Choose a tag to compare

@Hebaelfiqi Hebaelfiqi released this 02 Jul 15:33

This release accompanies the doctoral research of Heba El-Fiqi (PhD thesis, Detection of Translator Stylometry using Pair-wise Comparative Classification and Network Motif Mining, UNSW Canberra, 2013) and its associated publications. It provides the reference implementation of the PWC4.5 algorithm together with the processed datasets used in that research.

Algorithm

PWC4.5 is a decision tree algorithm for Pairwise Comparative Classification Problems (PWCCP) that extends the C4.5 induction algorithm. In PWCCP, instances are organised in pairs and the discriminative signal resides in the relationship between the paired feature values rather than in individual instances; PWC4.5 selects splits on induced within-pair relations (minimum / equal / maximum) using C4.5's gain-ratio criterion. The algorithm is introduced in the 2013 thesis and described in detail in El-Fiqi, Petraki, and Abbass (ACM TALLIP, 2016).

Datasets

The release contains the derived feature representations used in the experiments; it does not redistribute any source texts.
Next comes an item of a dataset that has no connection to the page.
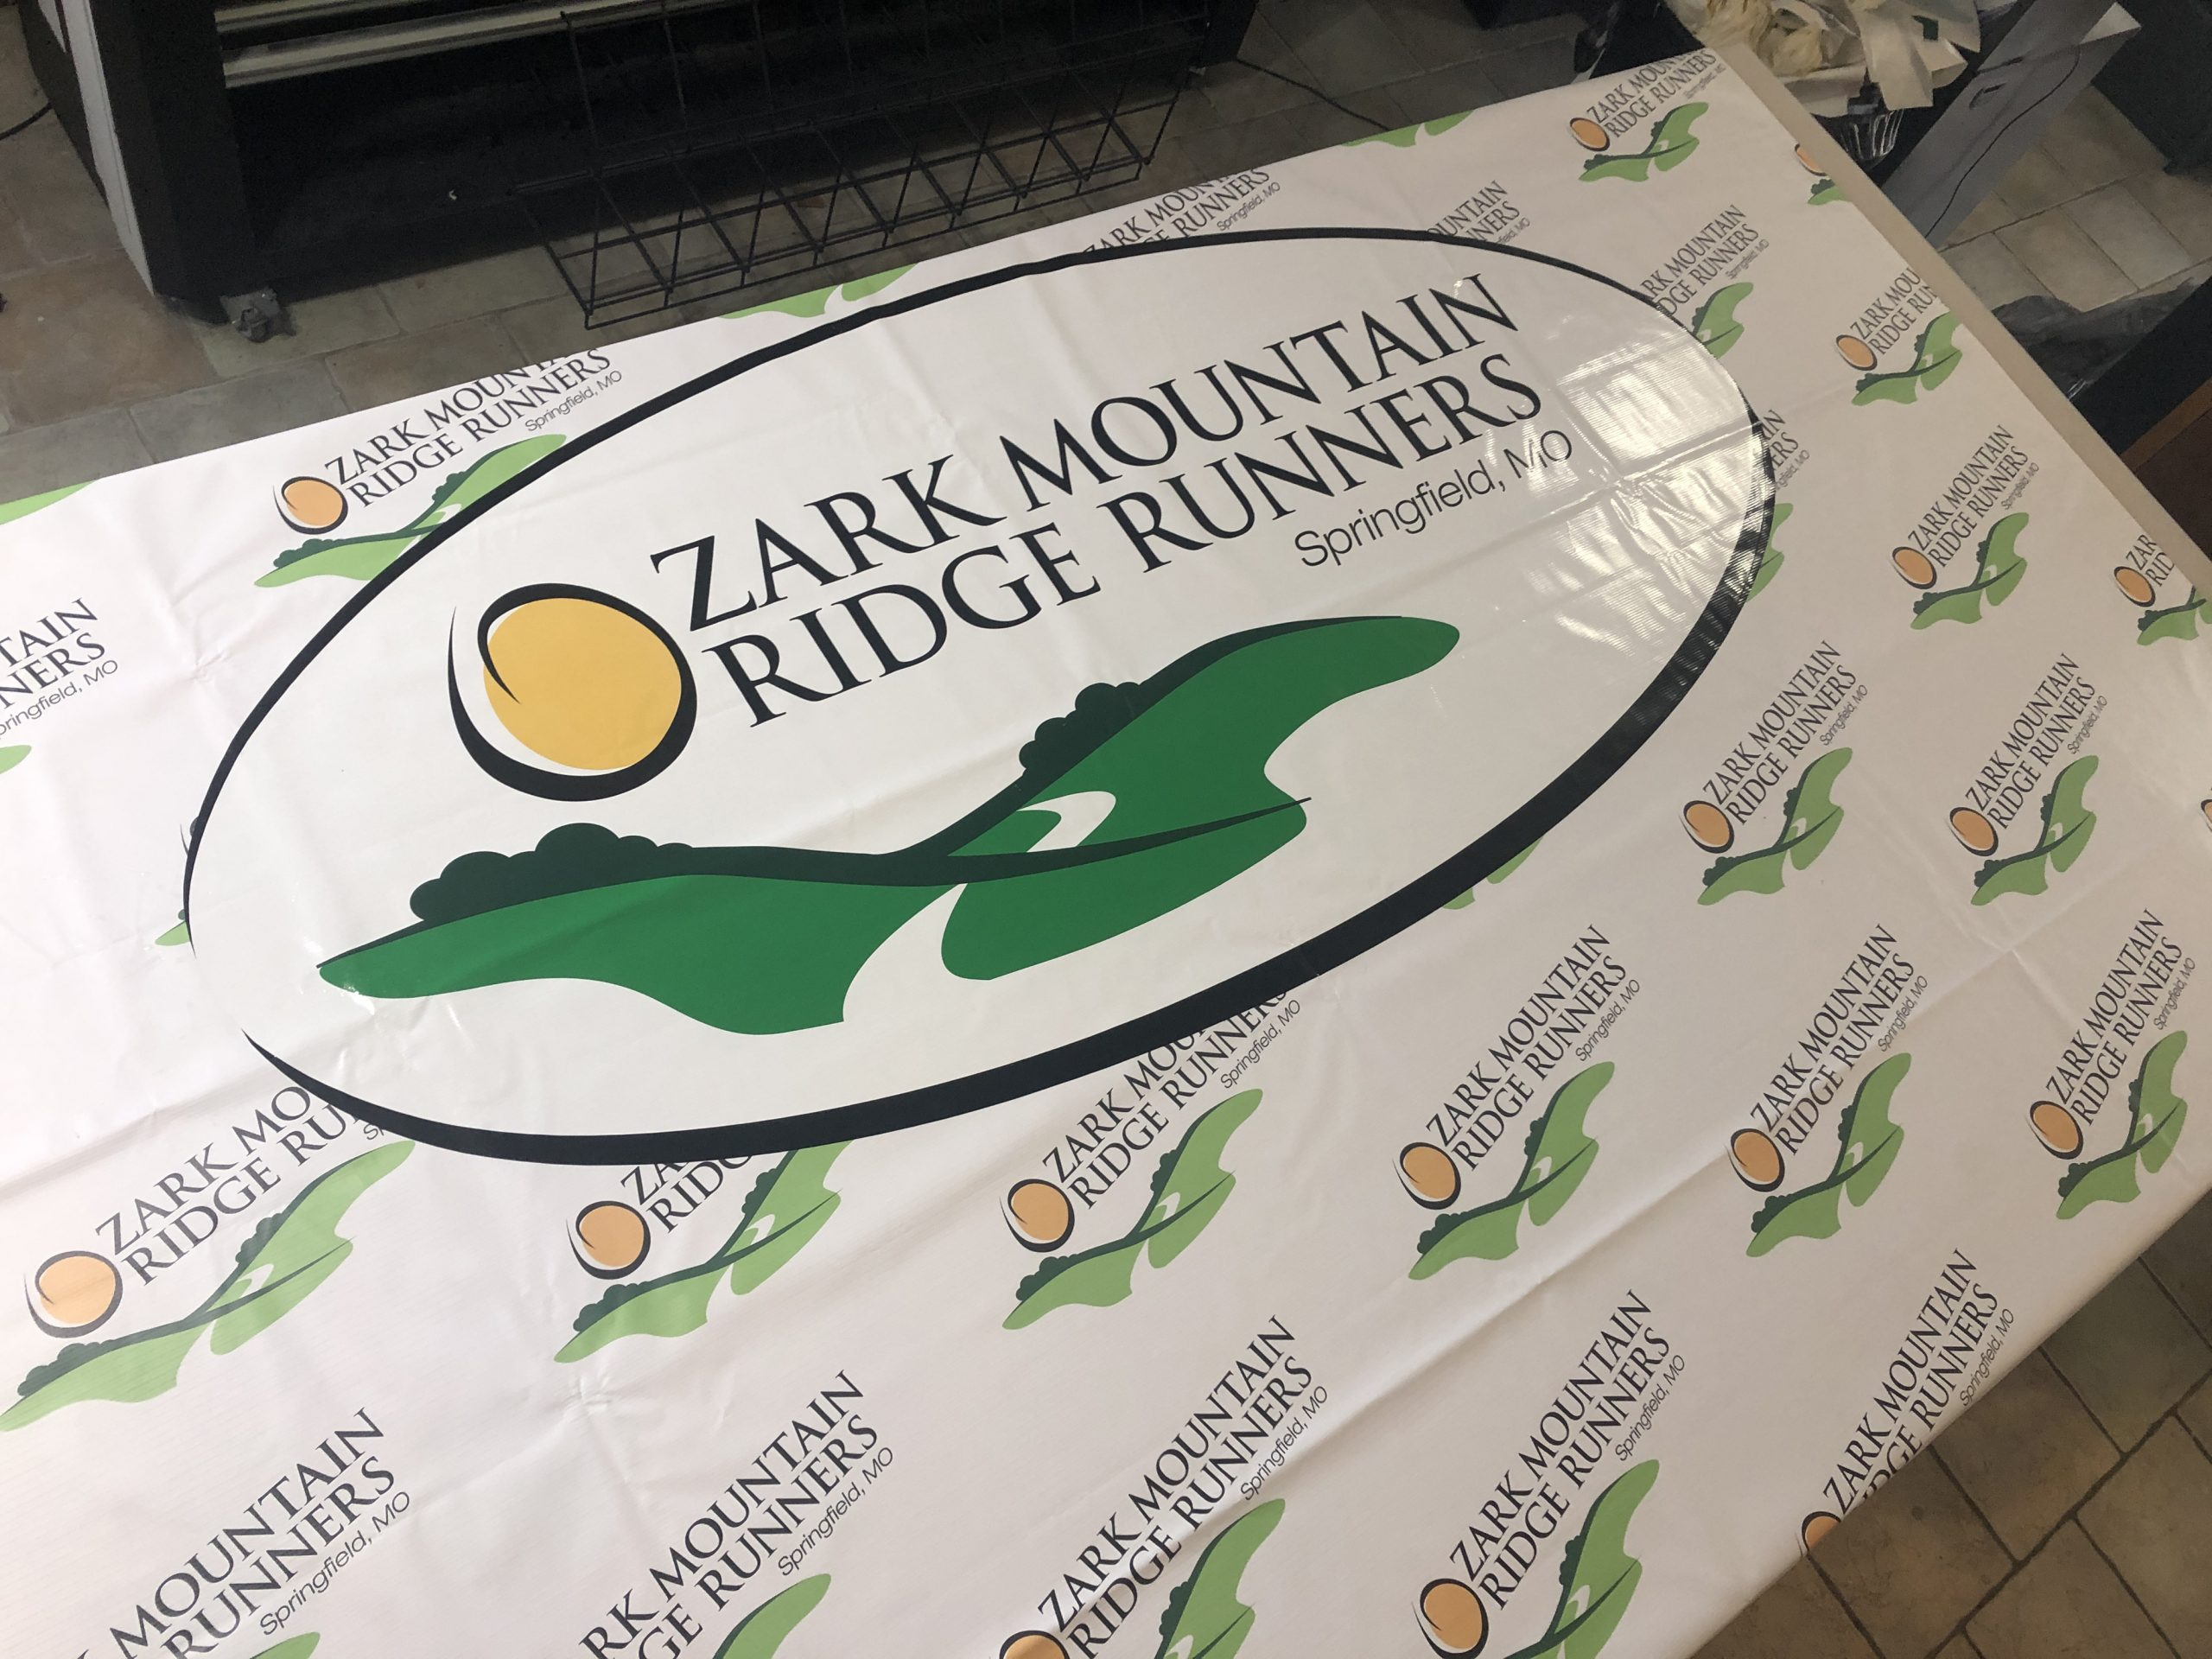 Ozark Mountain Ridge Runners

  • Synthetic benchmarks — 2D and 5D XOR-based datasets across eight noise levels, each with ten independently sampled replications (as used in the thesis and the 2016 TALLIP article).
  • Translator stylometry — 21 pairwise datasets of network-motif frequency features for the seven-translator Arabic-to-English Holy Qur'an corpus (74 chapters; the final six parts / juz'). Each instance is a numeric feature vector — the frequencies of the 13 size-three and 199 size-four directed word-adjacency network motifs — labelled by translator. This feature representation follows the network-motif approach of the 2013 thesis and El-Fiqi, Petraki, and Abbass (PLOS ONE, 2019).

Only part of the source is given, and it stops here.